= Beginning of Section =

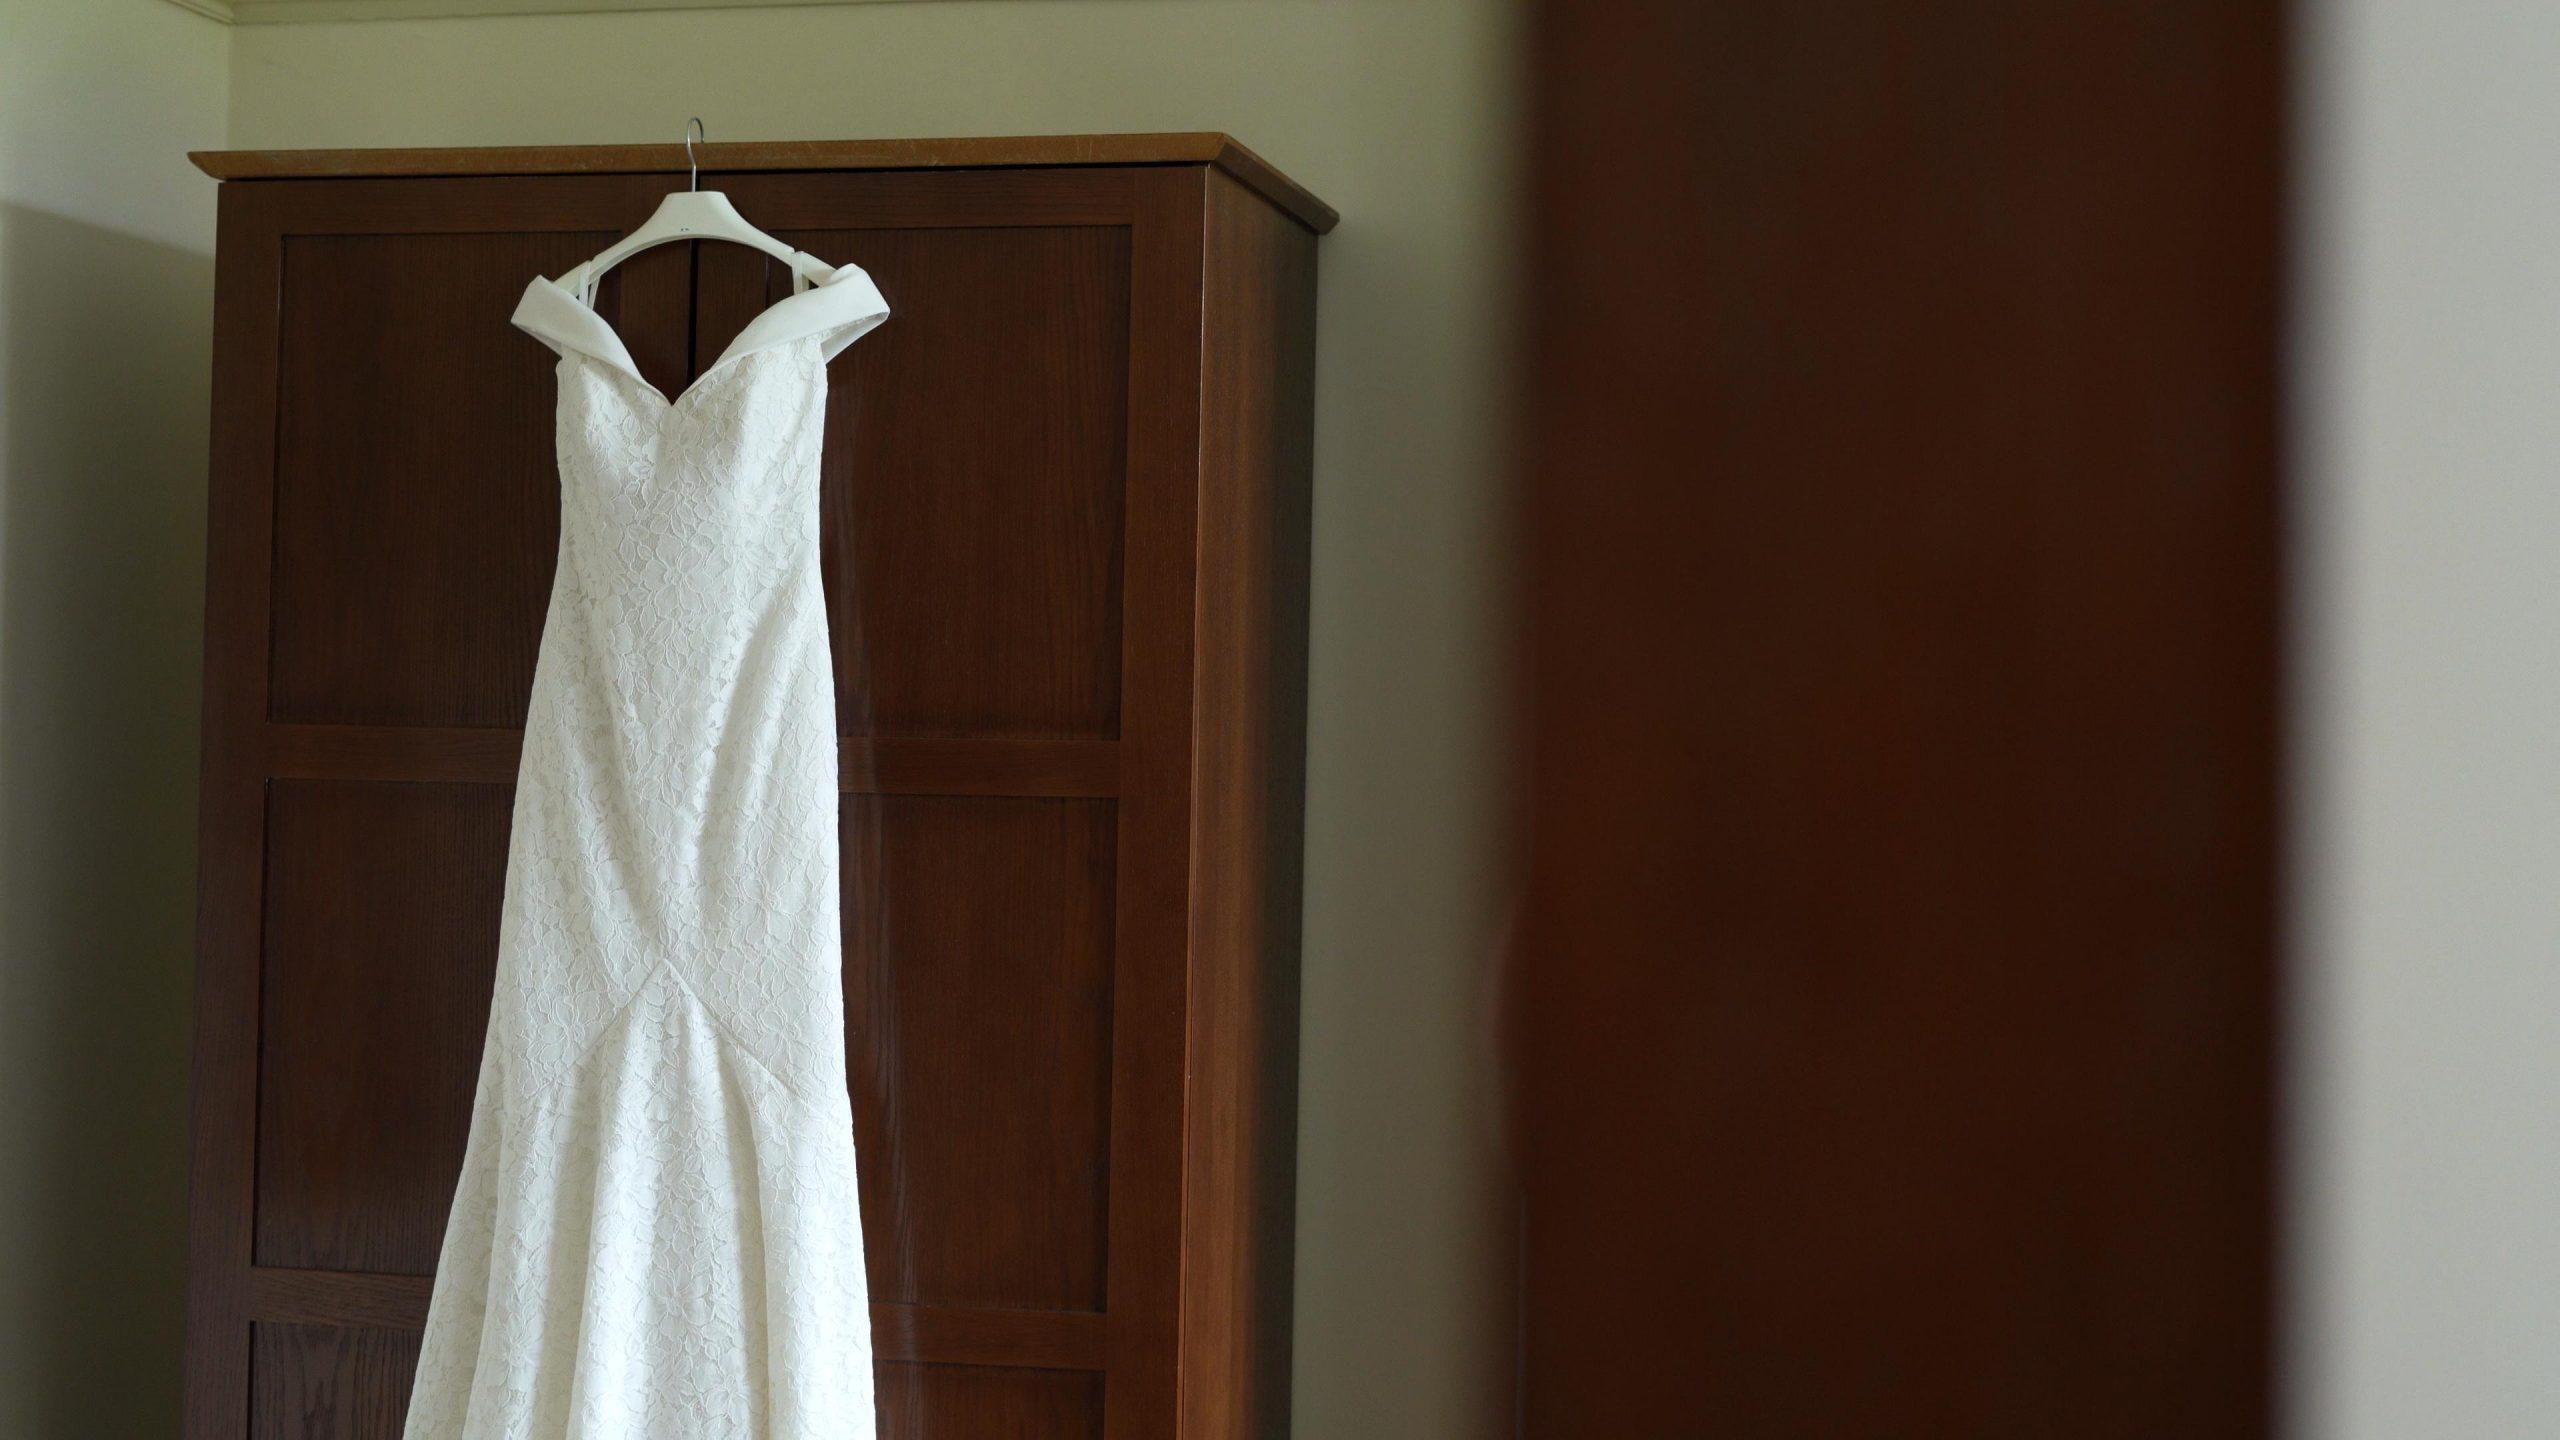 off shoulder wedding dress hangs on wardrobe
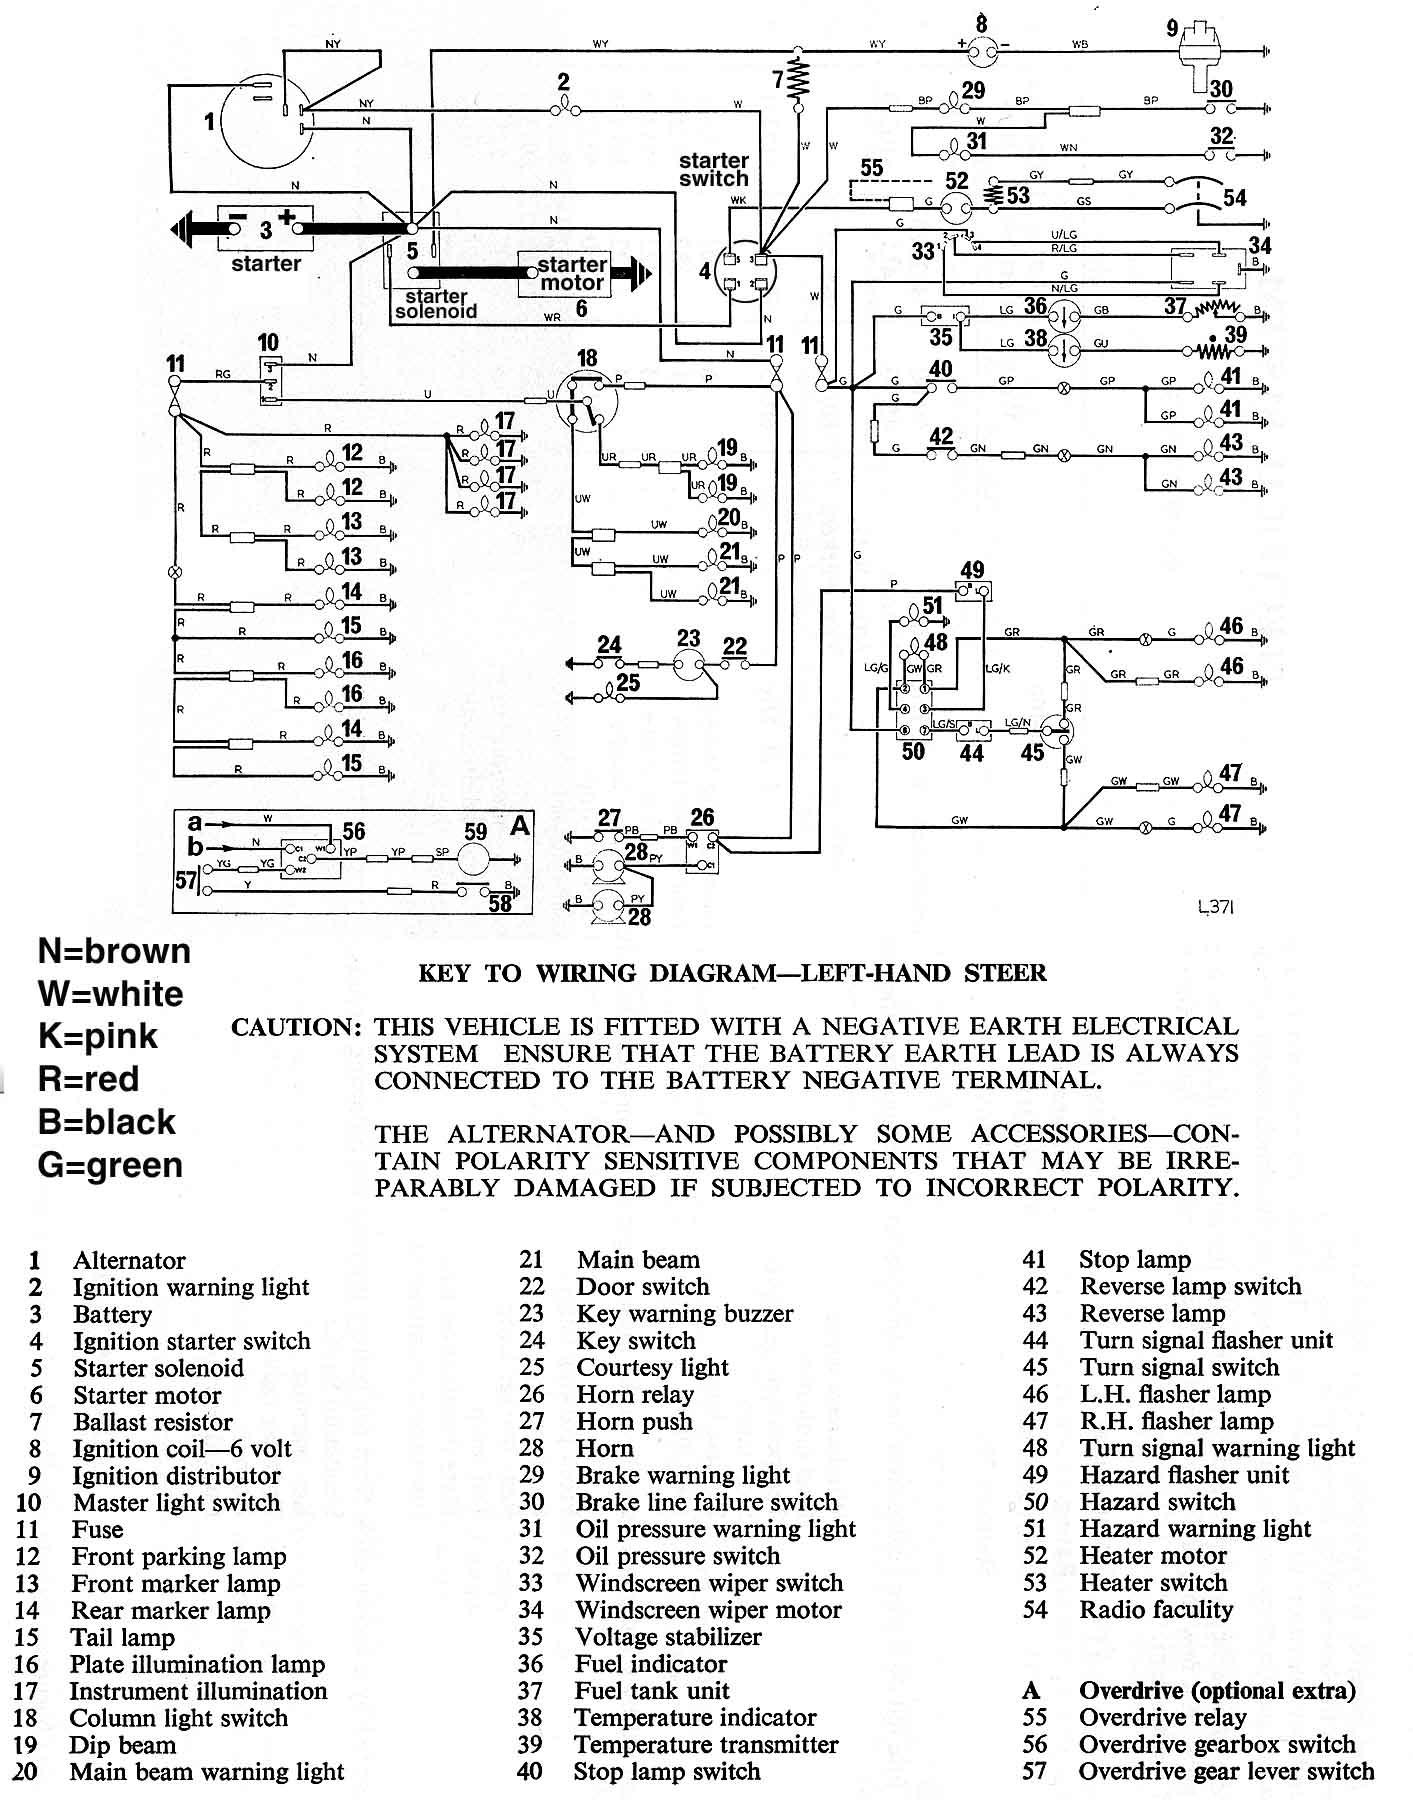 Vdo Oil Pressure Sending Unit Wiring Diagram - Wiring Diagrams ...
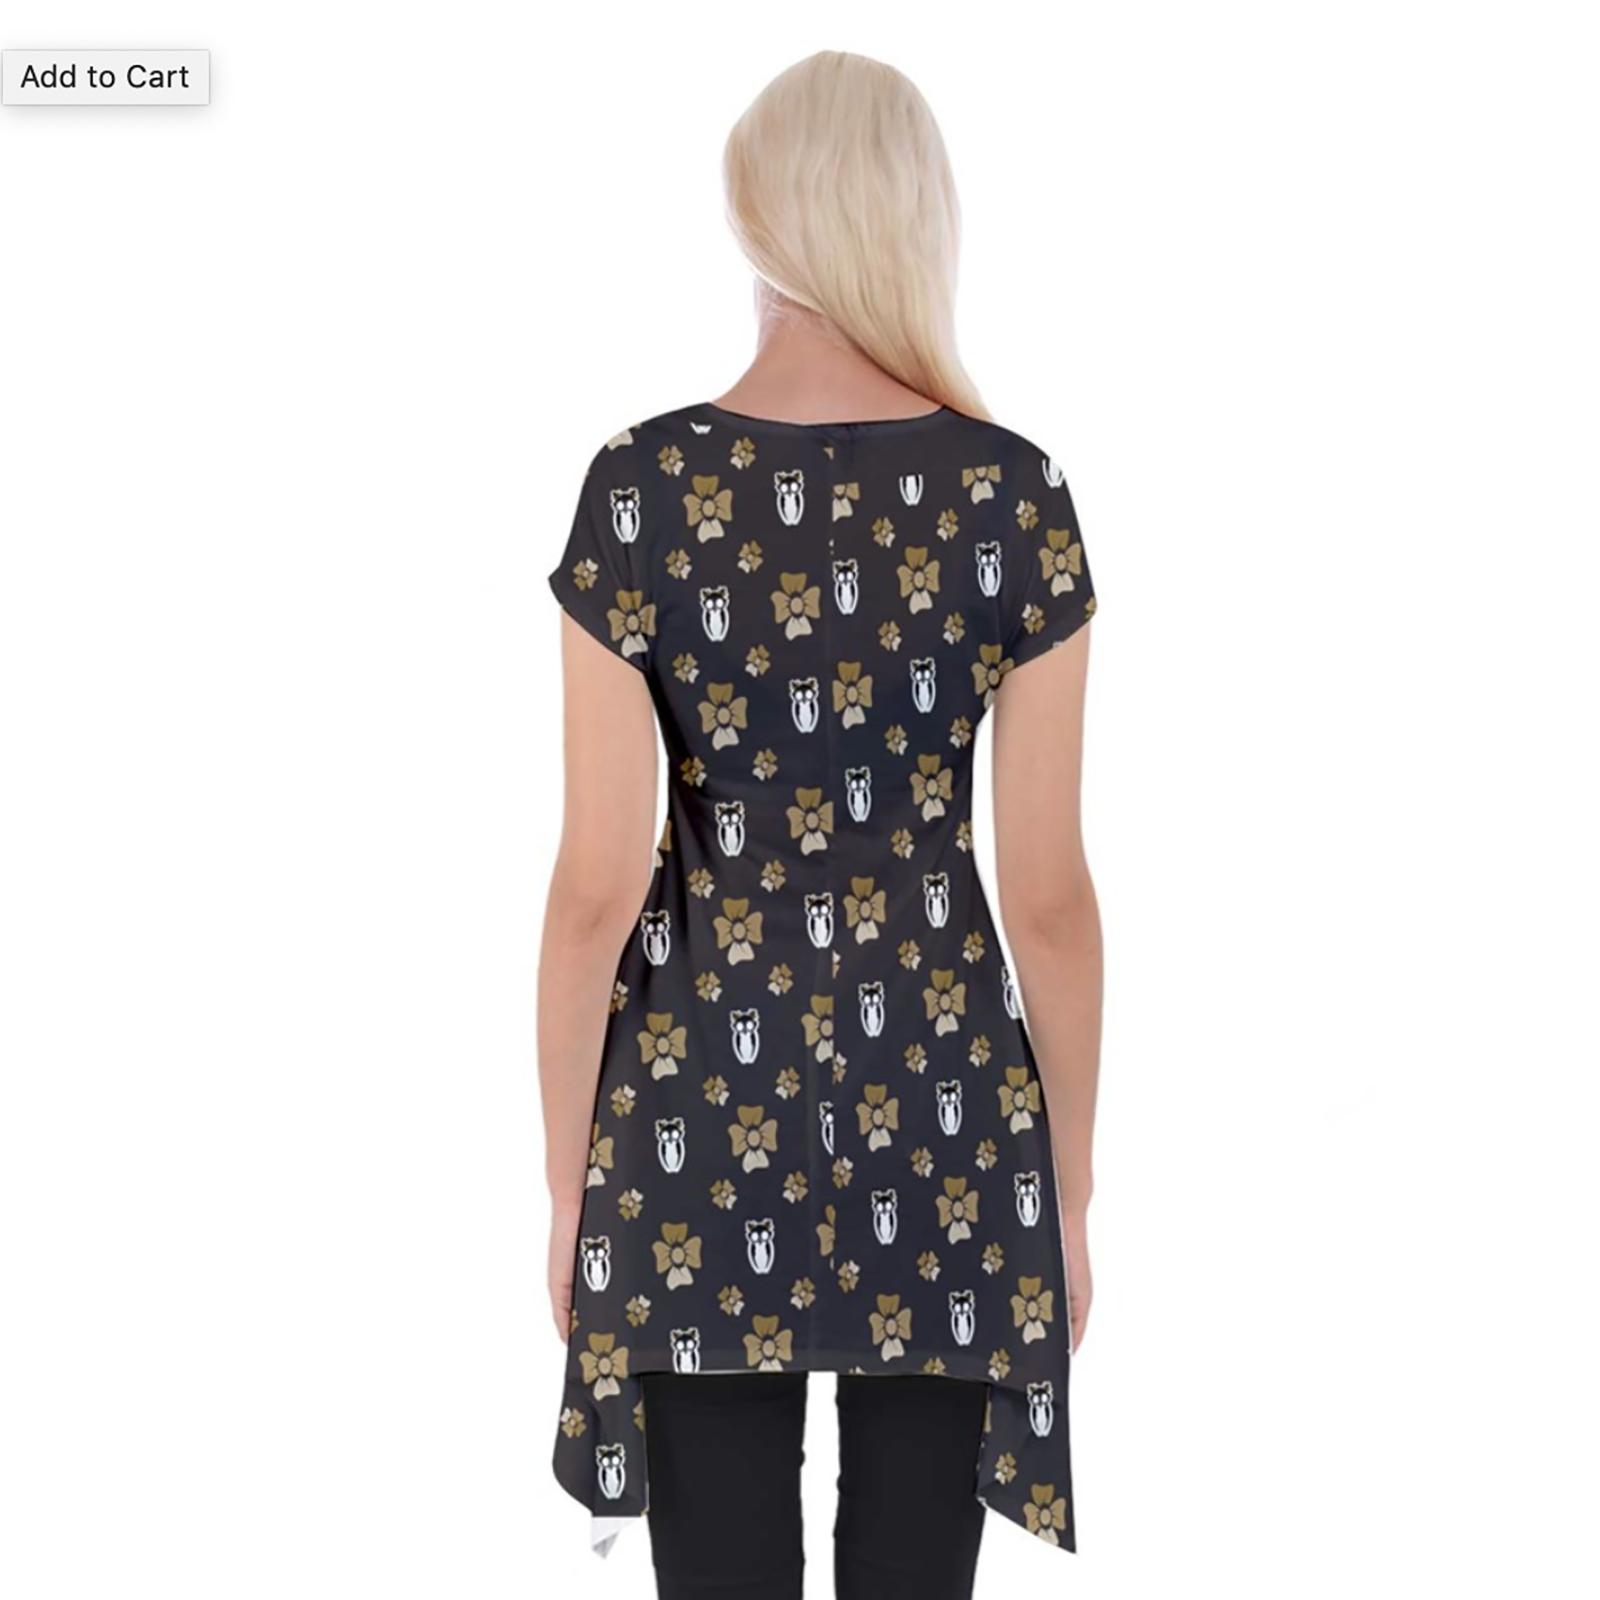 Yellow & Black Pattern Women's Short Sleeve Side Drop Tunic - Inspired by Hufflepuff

= End of Section =

▸ **Exercise directions**
A verbatim transcription of the listing is expected, with no pictures included.

▸ **Your solution**
 off shoulder wedding dress hangs on wardrobe
 Vdo Oil Pressure Sending Unit Wiring Diagram - Wiring Diagrams ...
 Yellow & Black Pattern Women's Short Sleeve Side Drop Tunic - Inspired by Hufflepuff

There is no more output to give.